* _EXERCISE DATA_:
:::::

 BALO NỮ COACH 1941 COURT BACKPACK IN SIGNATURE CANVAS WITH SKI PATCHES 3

:::::

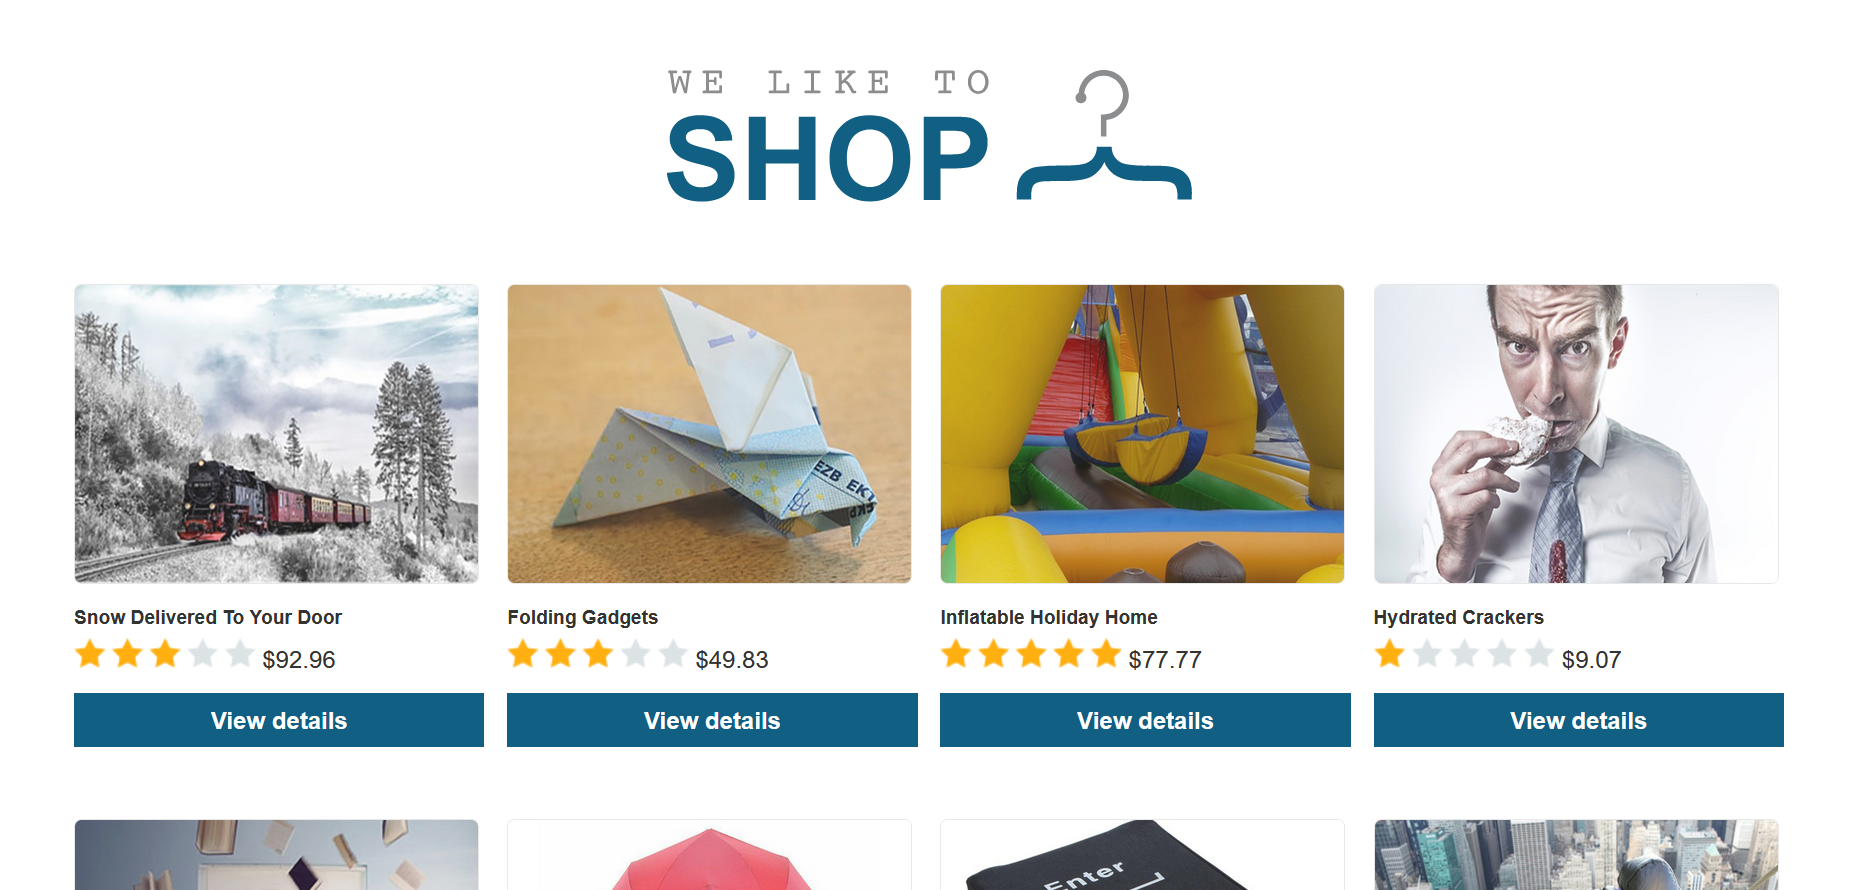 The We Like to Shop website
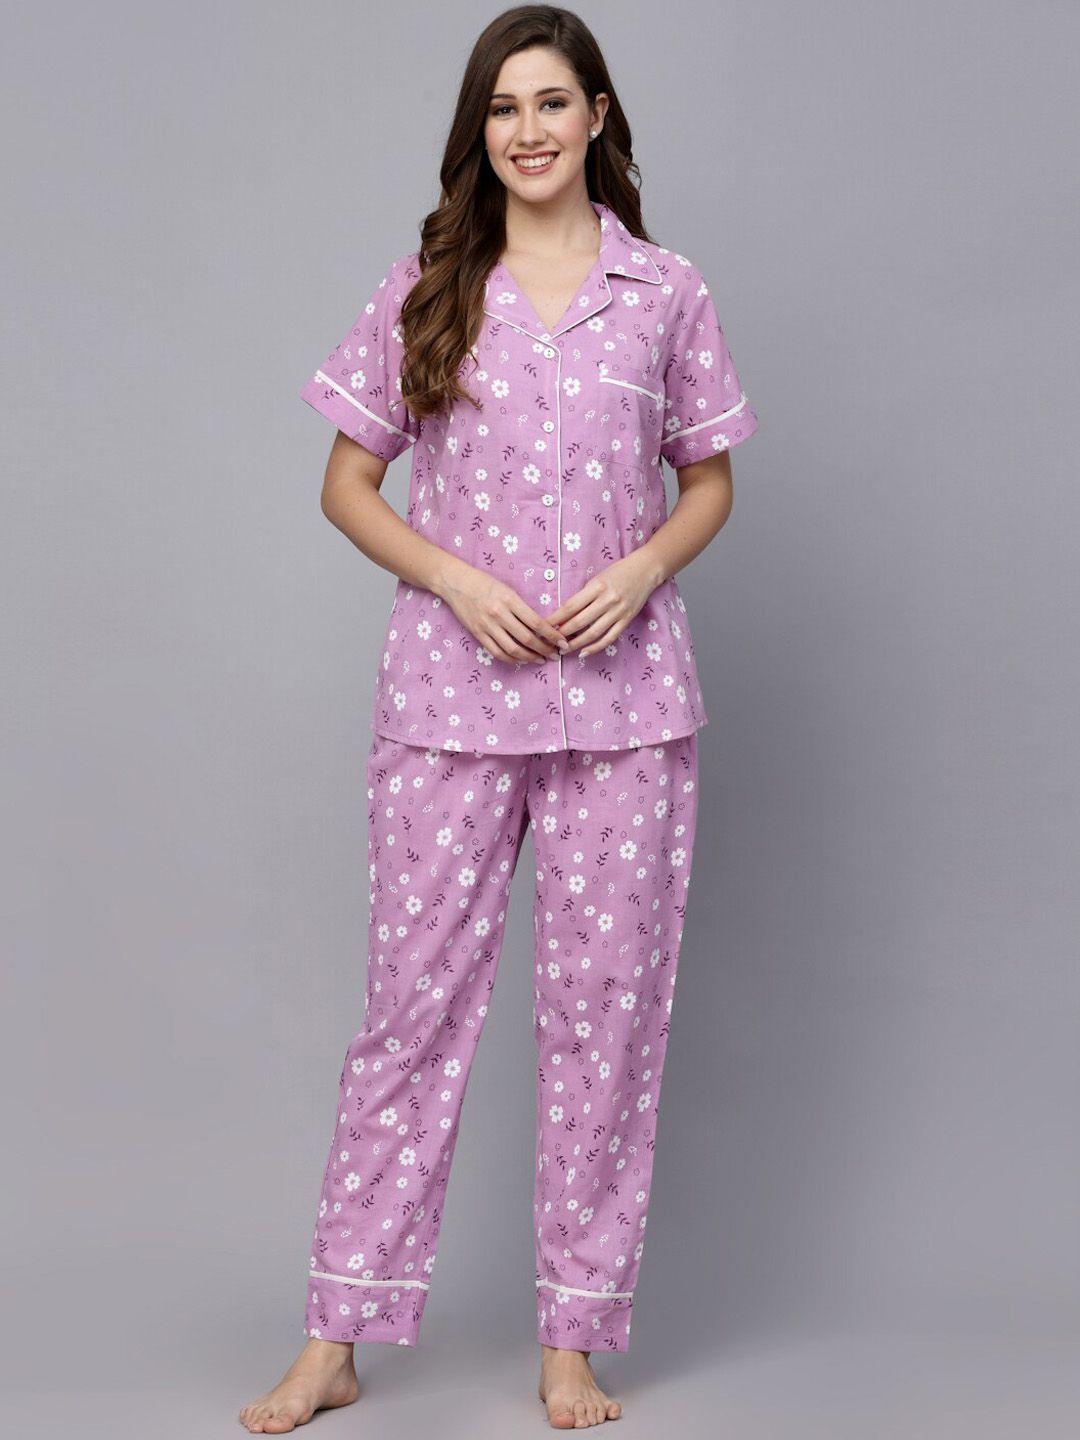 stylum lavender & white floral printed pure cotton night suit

:::::

* _GOAL OF THE EXERCISE_:
Your answer must be everything above from the line with "The We Like to Shop website" down to the line with "stylum lavender &", word for word, and no pictures.

* _RESPONSE BOX_:
 The We Like to Shop website
 stylum lavender & white floral printed pure cotton night suit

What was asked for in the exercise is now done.